How to grep for same string but multiple files at the same time?

  • I have a set of log files that I need to review and I would like to search specific strings on the same files at once Is this possible? Currently I am using

    grep -E 'fatal|error|critical|failure|warning|' /path_to_file

    How do I use this and search for the strings of multiple files at once? If this is something that needs to be scripted, can someone provide a simple script to do this?

    `grep` can take more than one file argument.

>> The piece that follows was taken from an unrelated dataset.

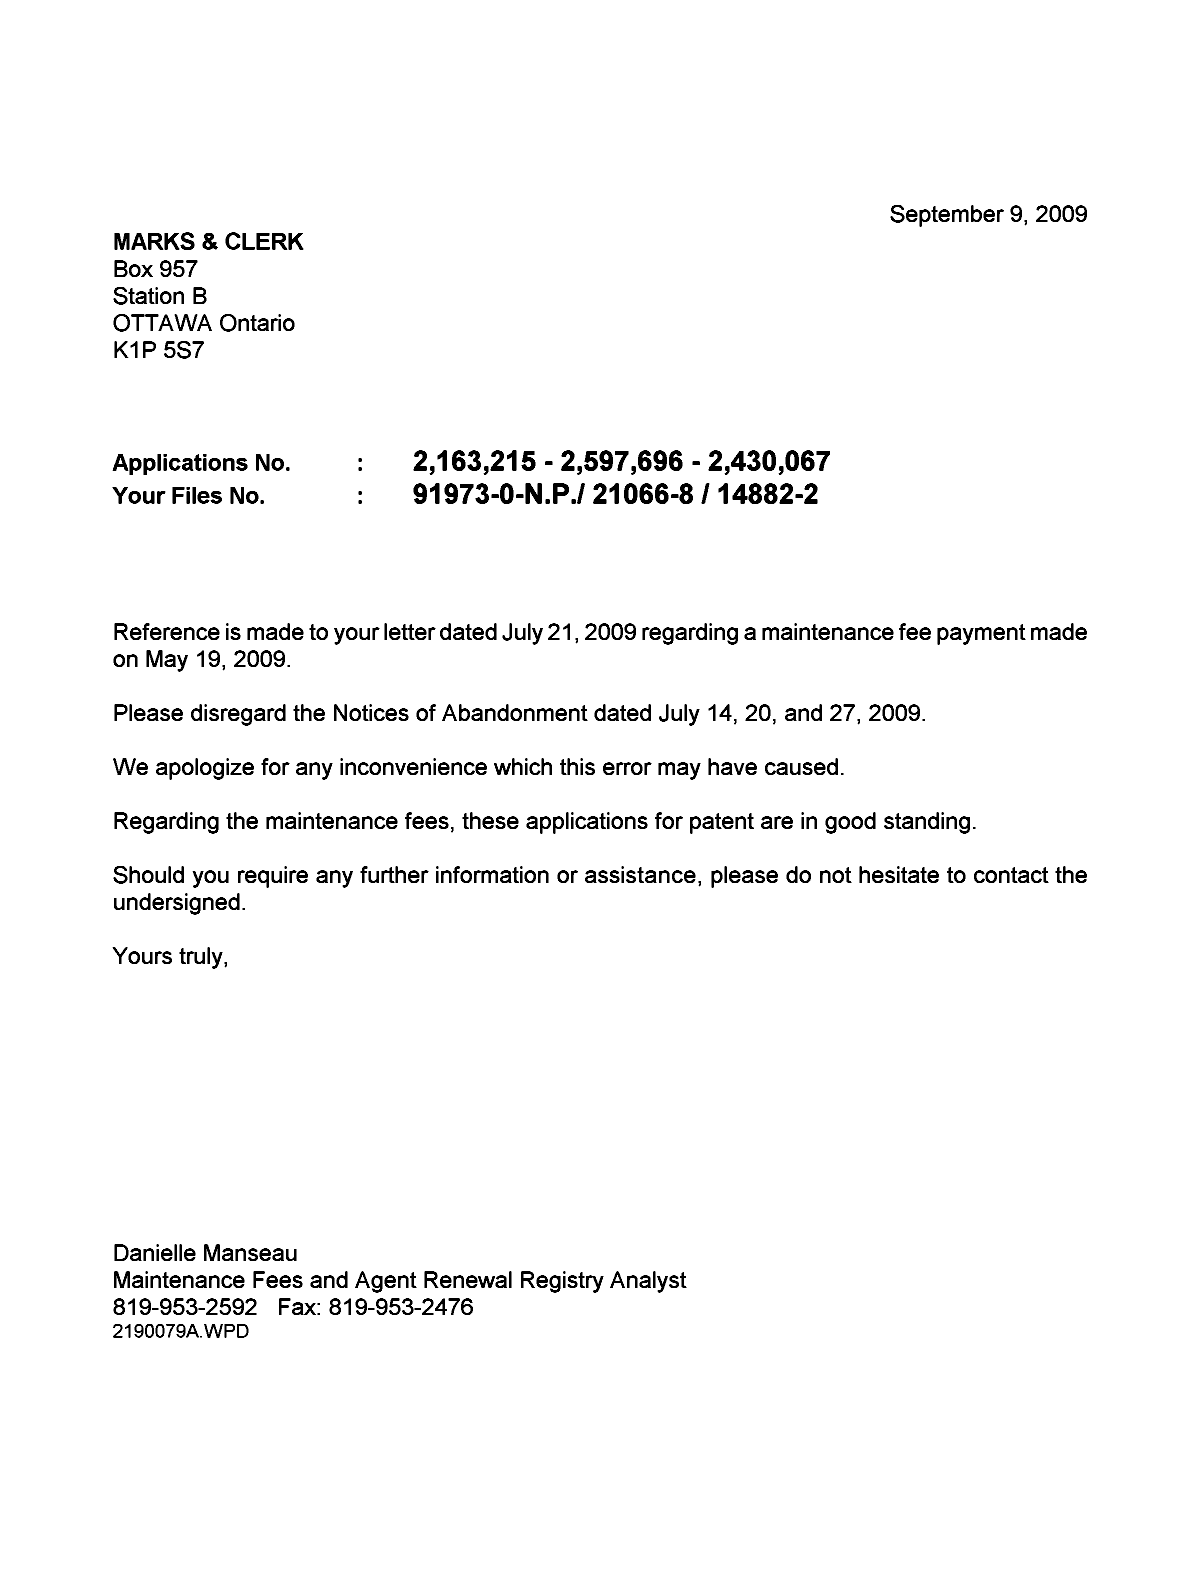 Canadian Patent Document 2430067. Correspondence 20090909. Image 1 of 1

  • grep -E 'fatal|error|critical|failure|warning|' *.log

    How do I get `grep` to skip directories, but still recursively check all files? `grep -E 'text' **/*` works, but gives an error message for each subdirectory (and then correctly checks all files in them)

    @Jorn, really you should ask a new question, but use `find . -type f -exec grep -E 'fatal|error|critical|failure|warning' {} +`

    I get `grep: invalid max count`, so I used jherrans answer

  • You could use something like this:

    find . -name "*.log" | xargs grep -E 'fatal|error|critical|failure|warning|'

    This will find every file with .log as extension and apply the grep command.

    That was too easy :) Actually all of my files are .log so "grep -E 'fatal|error|critical|failure|warning' *.log works too. Thanks!

    What a great effort of comprehension/adaptation user53029 !

    Why bother with `xargs` and the possibility for severe breakage on whitespace in filenames when you can just use `find . -name '*.log' -exec grep -E 'fatal|error|critical|failure|warning' {} +`?

  • If it is simpler, you can just specify each file one after the other.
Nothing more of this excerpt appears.